# Formulardaten werden nicht richtig übergeben



## dreggert (3. April 2012)

Hallo ich habe ein kleines Problem zu dem ich schon gegooglet habe aber nicht fündig geworden bin.

Ich habe ein kleines Programm im PHP gebaut, mit dem man Mietverträge erstellen kann. Das hat bis jetzt auch super funktioniert. Gestern ist mir dann aufgefallen, wenn ich die Strasse mit dem "ß" eingebe und dann das Formular abschicke, wird in dem erstellten PDF dann nur Strae geschrieben. Hab schon diverse Codierungen wie ISO 8895-15, UTF-8 usw. ausprobiert, aber ohne Erfolg. Das einzige was sich geändert hatte war, das immer wieder andere Zeichen dort statt dem ß standen.

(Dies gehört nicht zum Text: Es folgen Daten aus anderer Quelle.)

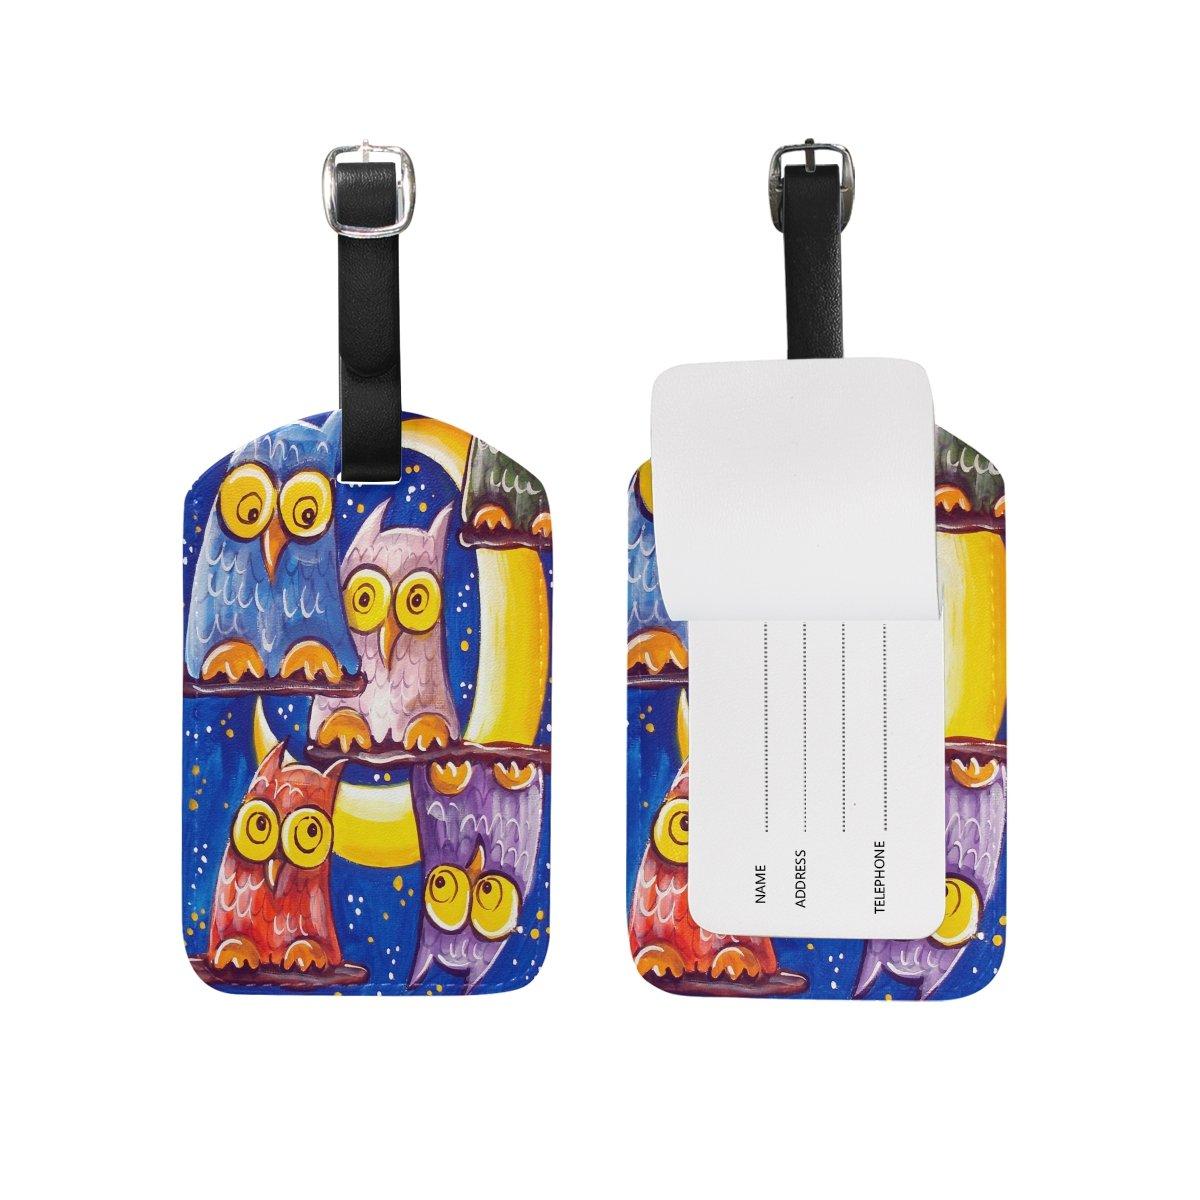 Saobao Travel Luggage Tag Crowd Of Owls PU Leather Baggage Travel ID

In den Begeleitschreiben, welche automatisch mitgeneriert werden werden die "ß" aber sauber dargestellt.

Deswegen meine Vermutung, dass es mit dem Formular und der Übergabe zu tun hat. 

Hat jemand eine Idee, oder könnte mir einer einen Tipp geben, wie ich das abfangen kann?


----------



## ComFreek (3. April 2012)

Mit welcher Software Bibliothek erstellst du denn deine PDF-Datei? Vielleicht liegt es daran.


----------



## dreggert (3. April 2012)

Ich habe FPDF15 bei mir auf dem Server installiert.


----------



## ComFreek (3. April 2012)

Ich habe gestern das gleiche Problem mit FPDF gehabt.

Da ich allerdings momentan an was anderem arbeite, konnte ich nicht nach einer Lösung suchen.
Aber ich denke, dass ich auf TCPDF umsteigen werden, da es wesentlich mehr zu bieten hat und definitiv UTF-8 unterstützt, siehe TCPDF-Homepage.

Ansonsten könntest du mal auf die Version 1.7 (http://fpdf.org/) aktualisieren.


----------



## dreggert (3. April 2012)

Das habe ich mir auch schon gedacht und gerade auf 1.7 umgestiegen, aber gleiches Ergebnis.


----------